Material to process:
········

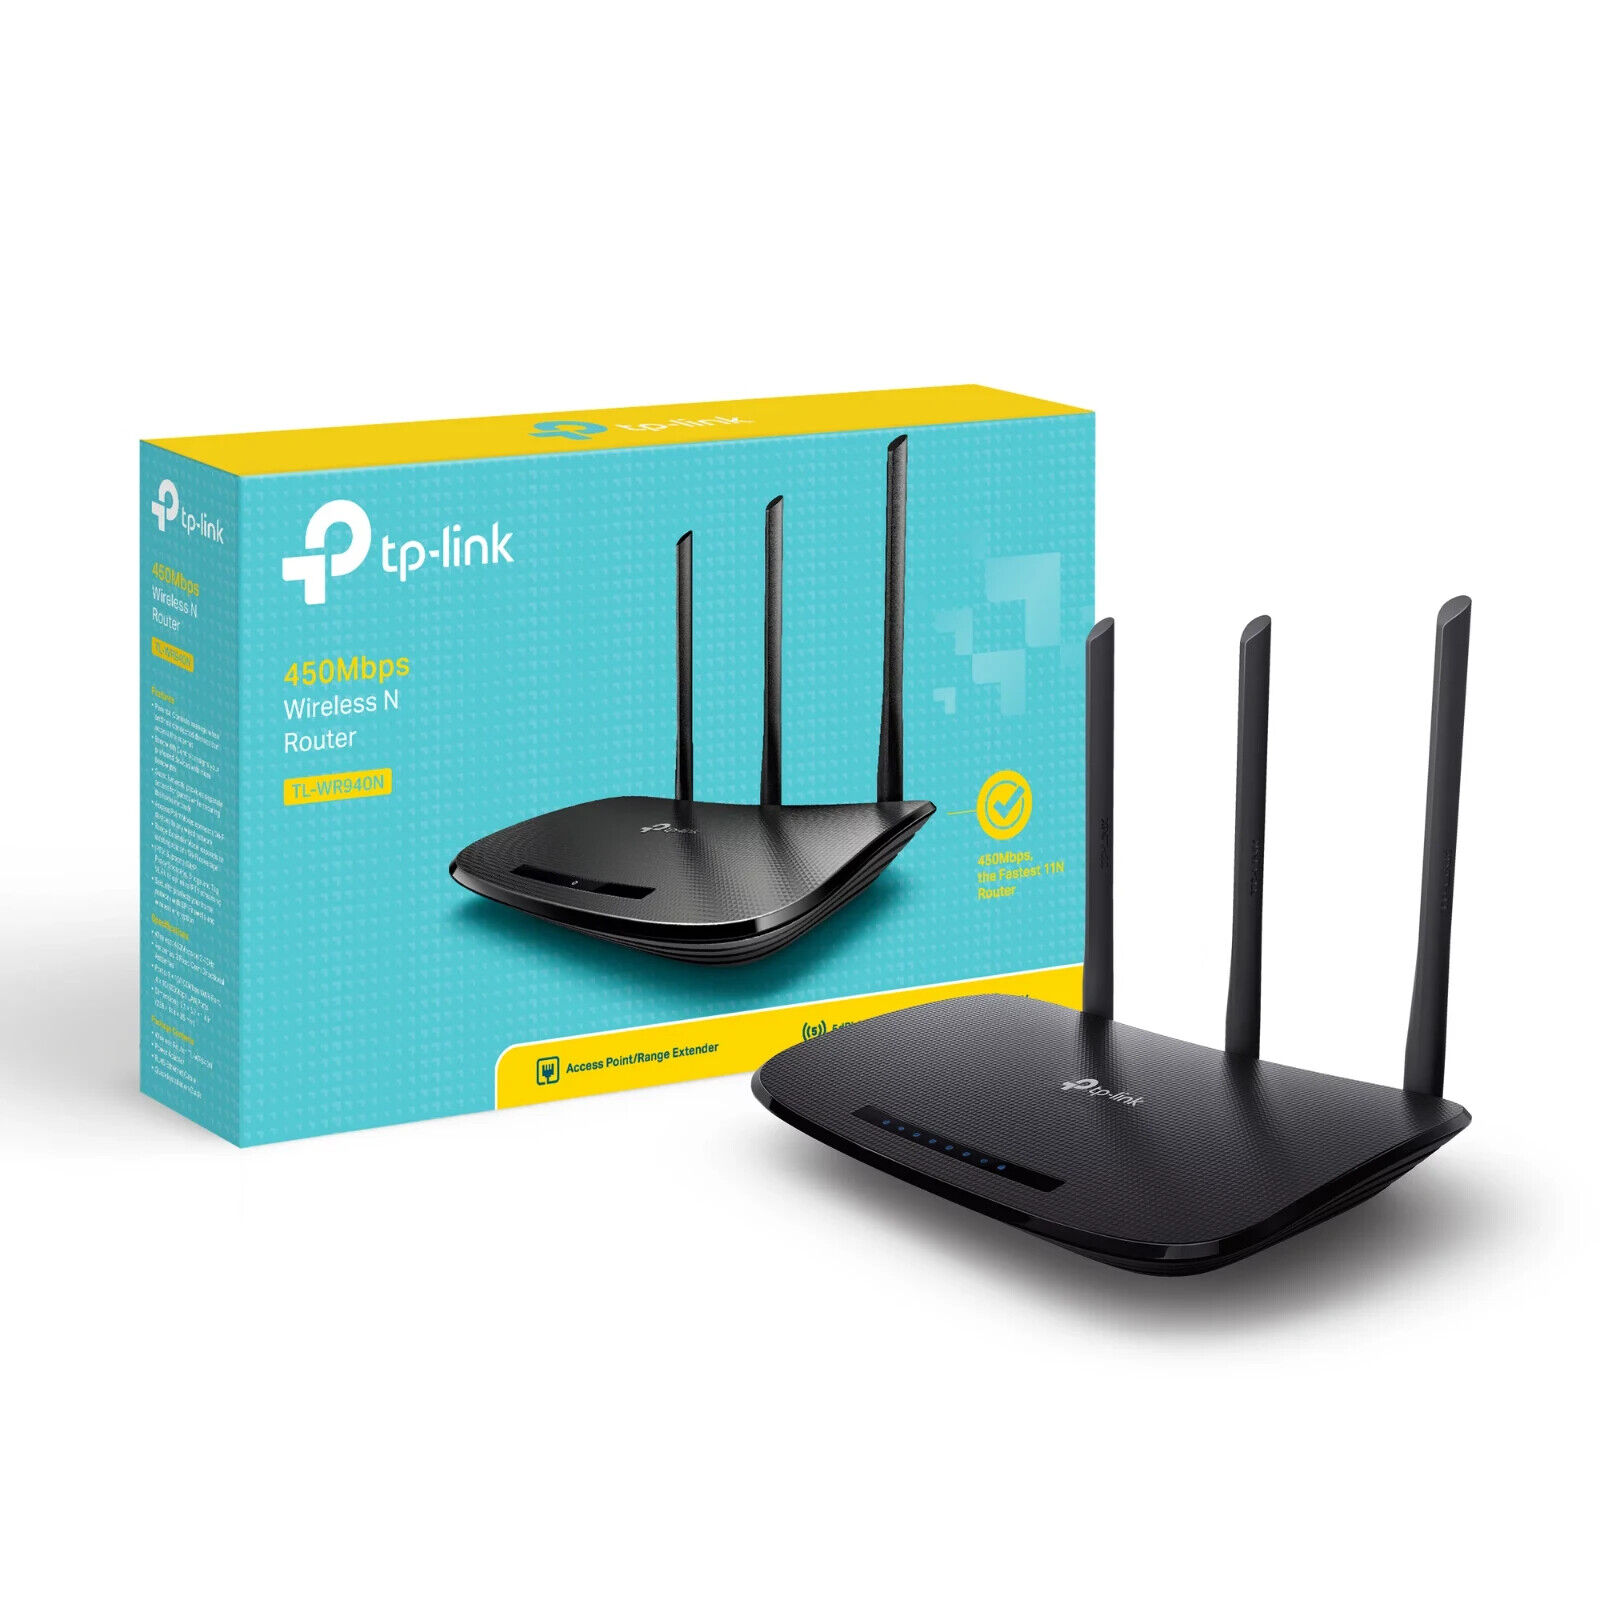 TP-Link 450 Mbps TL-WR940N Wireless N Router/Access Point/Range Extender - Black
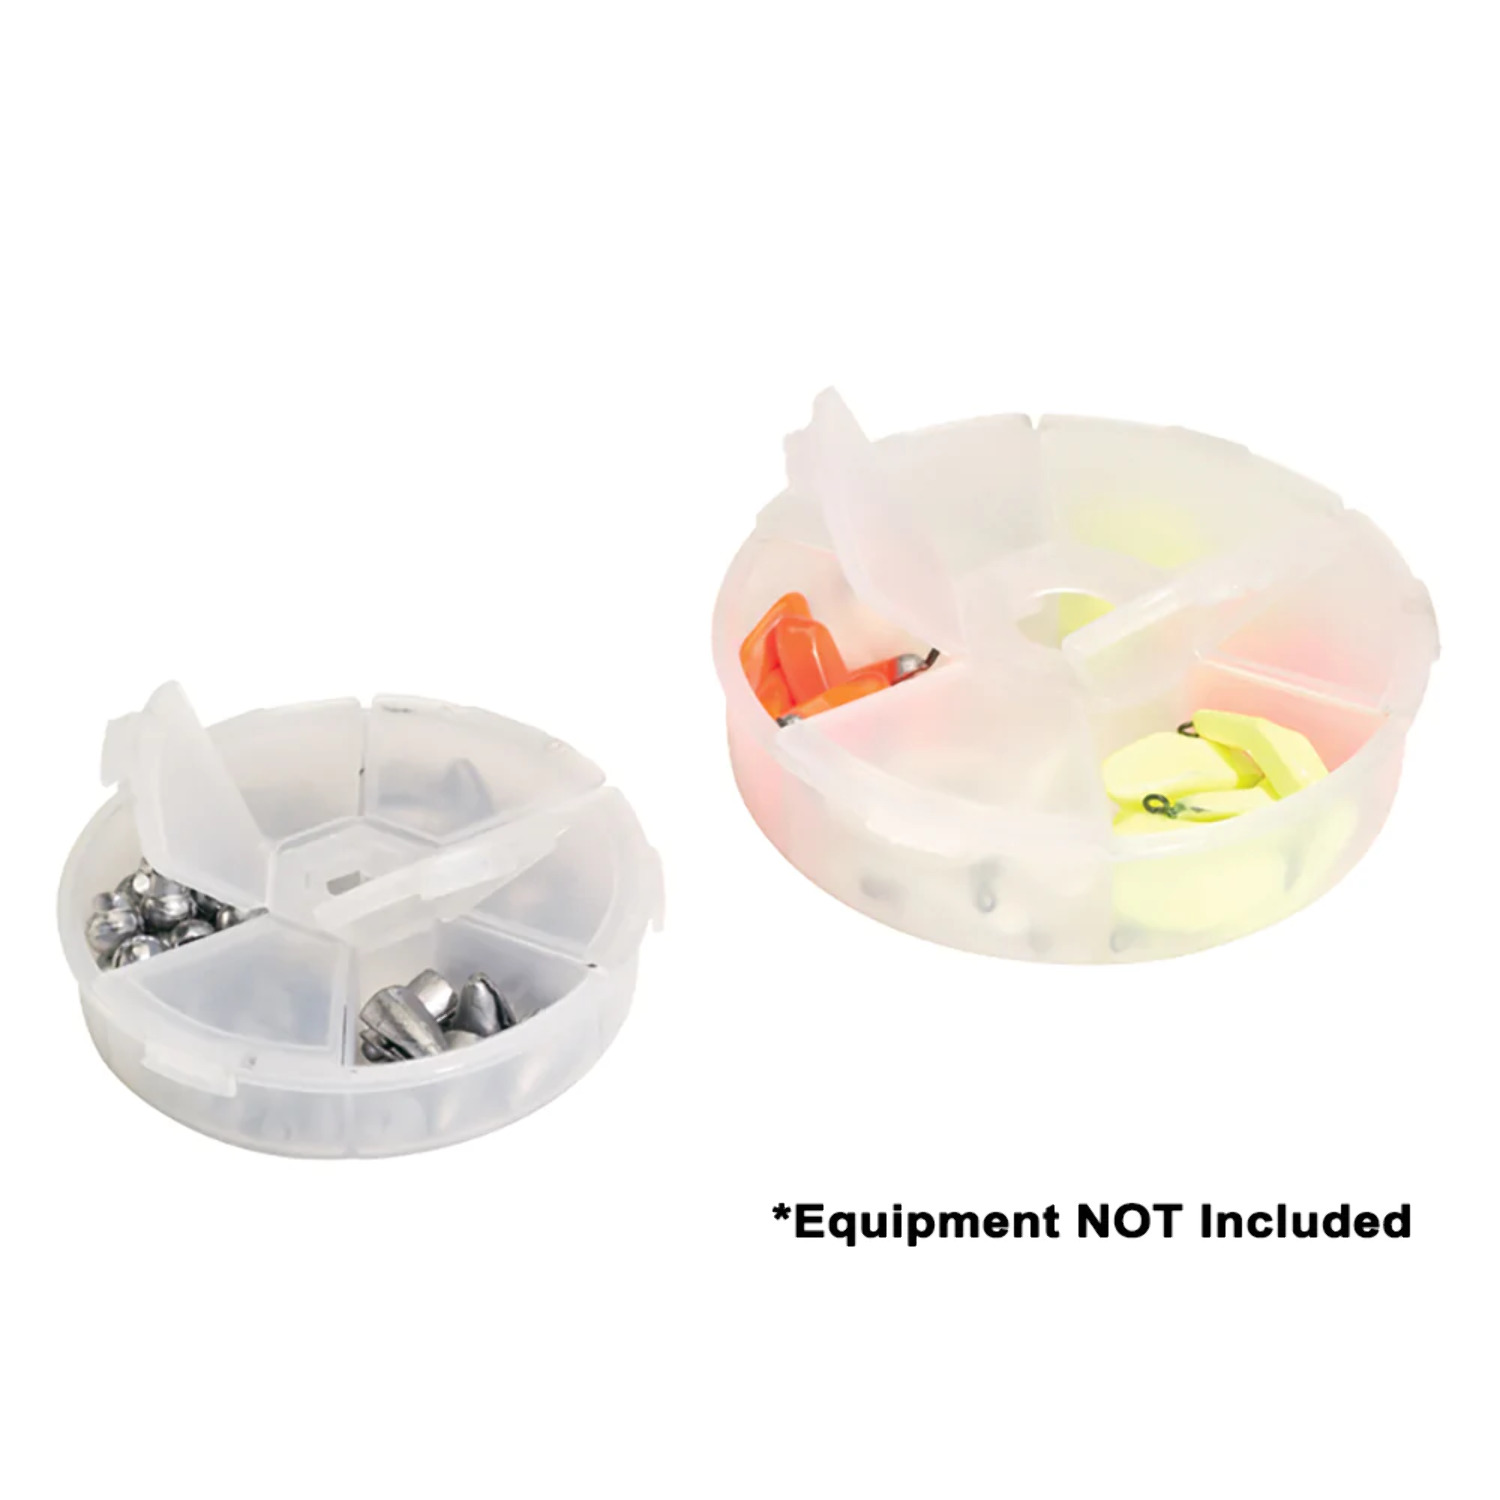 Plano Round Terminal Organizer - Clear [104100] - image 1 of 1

········

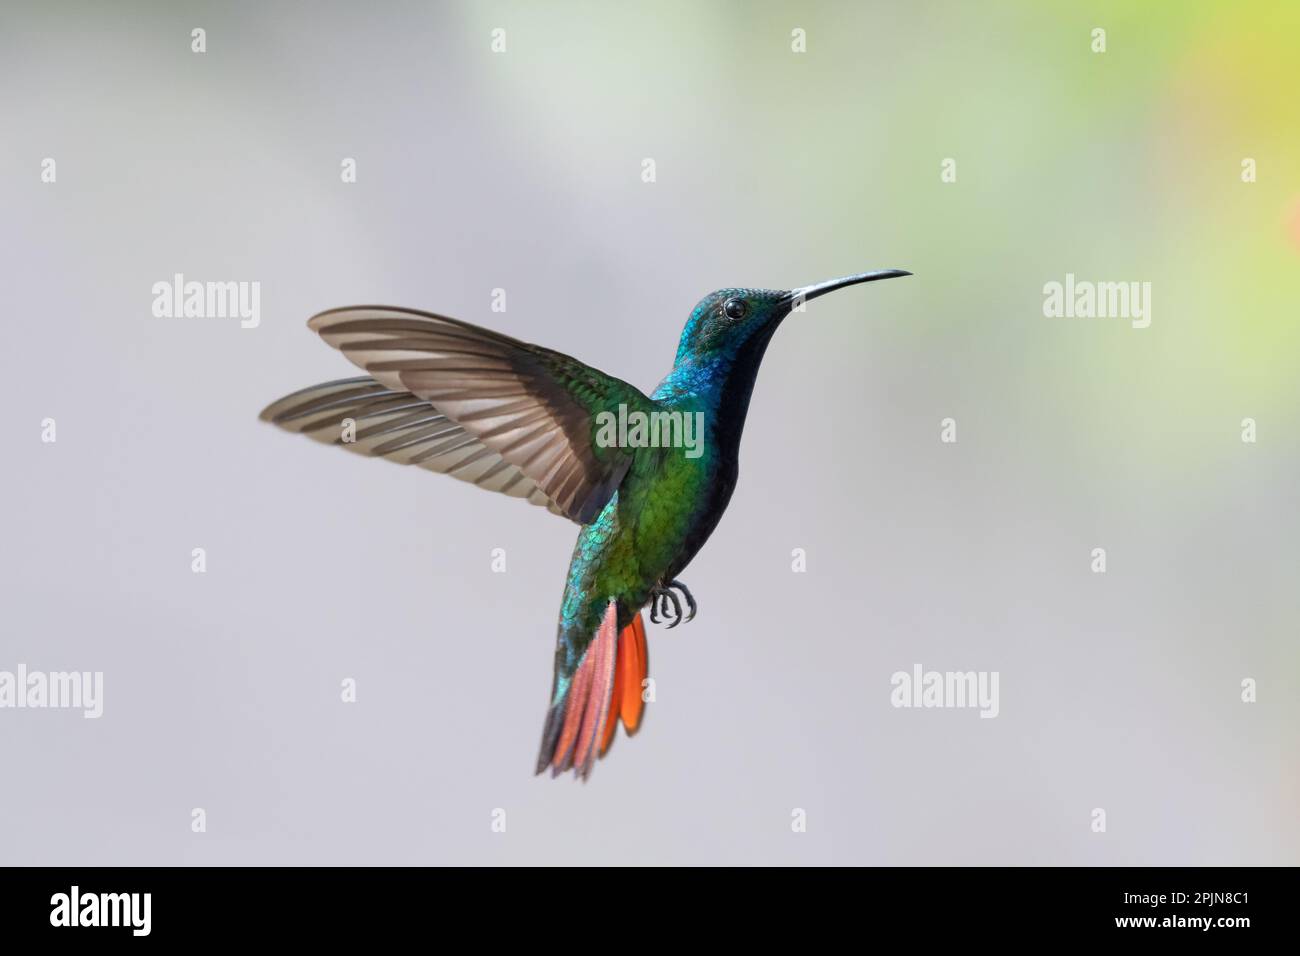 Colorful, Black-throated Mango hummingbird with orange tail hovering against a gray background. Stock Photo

········

Directions for this task: The lines above from the line with "TP-Link 450 Mbps" through the line with "Plano Round Terminal" are to be given again word for word, with no pictures among them.

Output:
 TP-Link 450 Mbps TL-WR940N Wireless N Router/Access Point/Range Extender - Black
 Plano Round Terminal Organizer - Clear [104100] - image 1 of 1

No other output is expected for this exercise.